Hi. Does anyone know what part the transistor SRF772 really is? They are in a TPL5010 RF amplifier. SRF772 is mentioned nowhere on Google or Bing. I was told that more than likely, the transistor might have that weird designation because when TPL bought a certain amount of these transistors, Motorola stamped a different part number on them for that specific brand, so when people needed a replacement transistor, they would have to go to TPL for the part, and not Motorola, to protect the OEM agreement.

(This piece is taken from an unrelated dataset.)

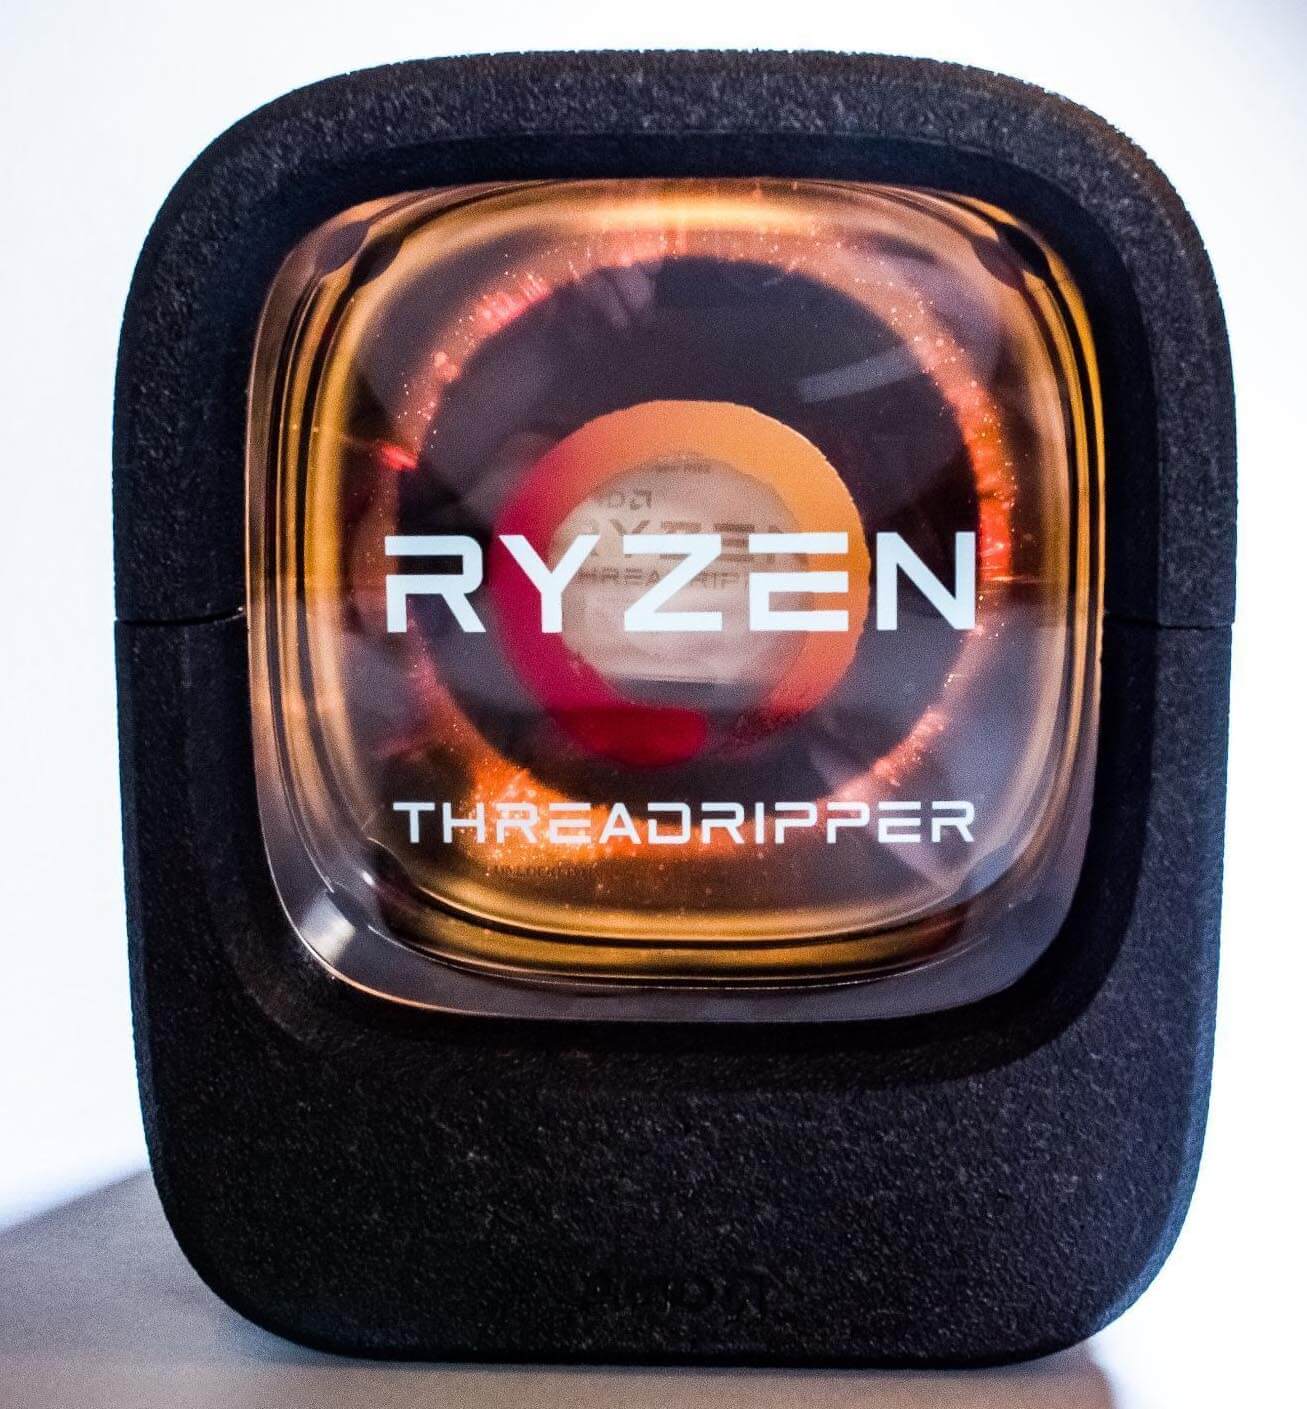 Ryzen Threadripper

It’s a neat little amplifier, designed to work from 21-30Mhz, class AB, so it can work on AM, FM, CW, SSB. 60 watts carrier/140 PEP. I use it with an old Realistic (Radio Shack) HTX-100 transceiver on SSB on ten meters, which gives it a good boost from the radio’s max output of around 20 watts. Thanks for any help.>The TechForum Cross Reference category is for parts that Digi-Key does not sell or parts that have gone obsolete. Our Engineers and Techs have reviewed the specifications for these parts and made a recommendation for a replacement. Please review the suggested part to ensure it will work for your application.

Hello Adam,
Thank you for your inquiry and welcome to Techforum. I am sorry the part does not come up in our system. When I enter SRF772 into Google it does have a few hits from other forums.

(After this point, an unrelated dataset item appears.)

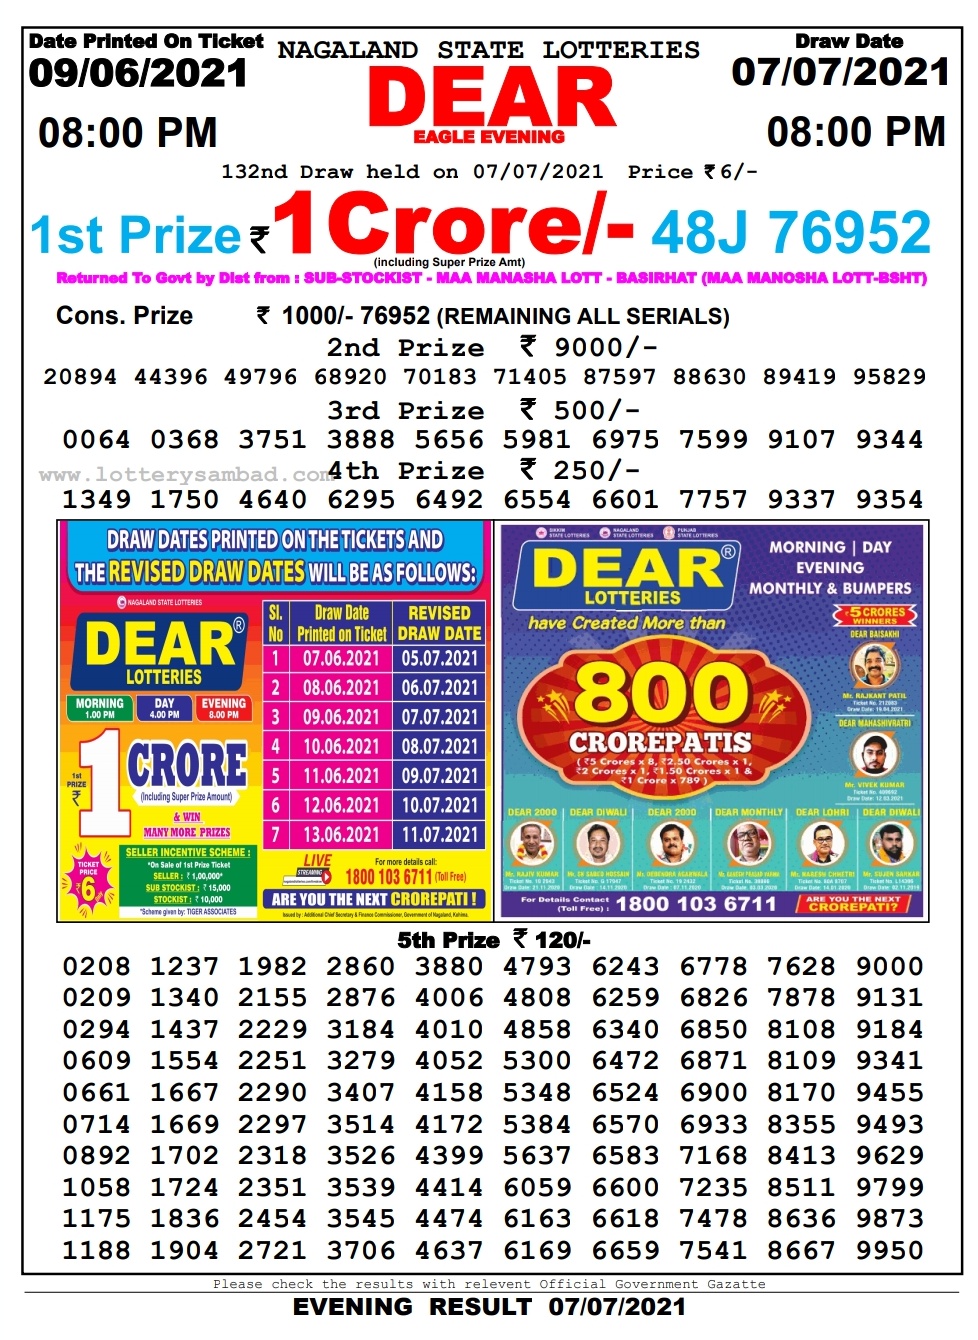 Dear lottery 08.00 pm 07-07-2021

Your Reference number is # T4280339.

I couldn’t find anything in old cross reference books or searches.

BTW it is very rare for any product sold in small volumes like an RF amplifier to have custom marked parts to prevent inexpensive repair. It is a very costly option in low quantities and the whole benefit can be had for far lower cost by simply removing the makings from standard components (that was very common in the last century).

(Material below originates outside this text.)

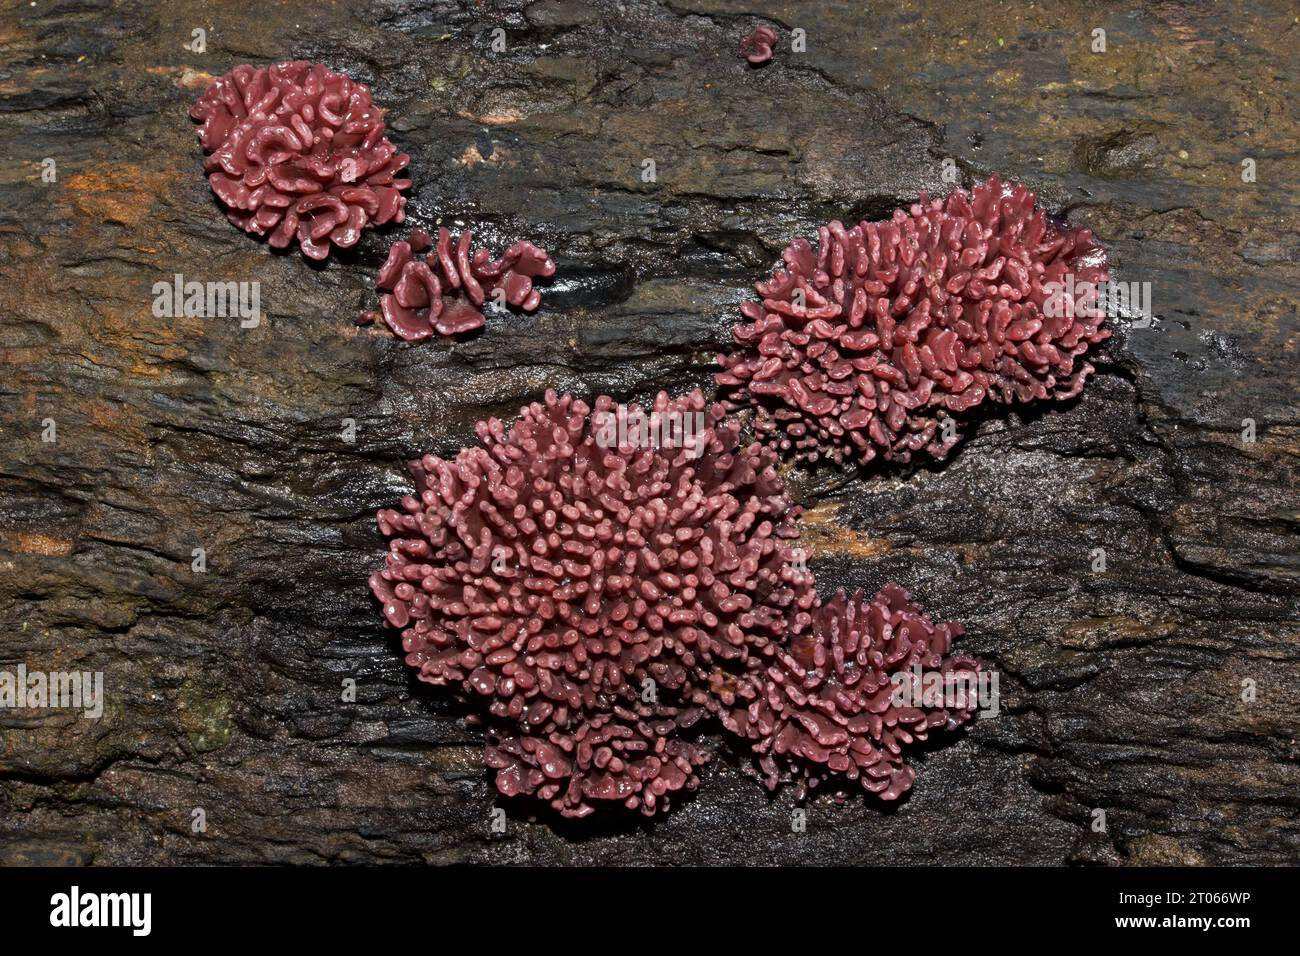 L'Ascocoryne sarcoides (gelatina viola) è un fungo di gelatina trovato sul legno morto. È ampiamente distribuito in Nord America, Europa e Asia. Foto Stock

More often than not, an unidentifiable number is because it’s a semi-custom or full custom part. Often the part will have only a few specs different than the standard part upon which it is based, Frequently it is simply that additional testing was done by the part manufacturer to sort parts and allow them to guarantee one or more tighter specs than the standard part would have.

In both these cases the only solution is to either get more information from the product and/or component manufacturer (in this case I think they have both been out of business for decades), or reverse engineer the circuit.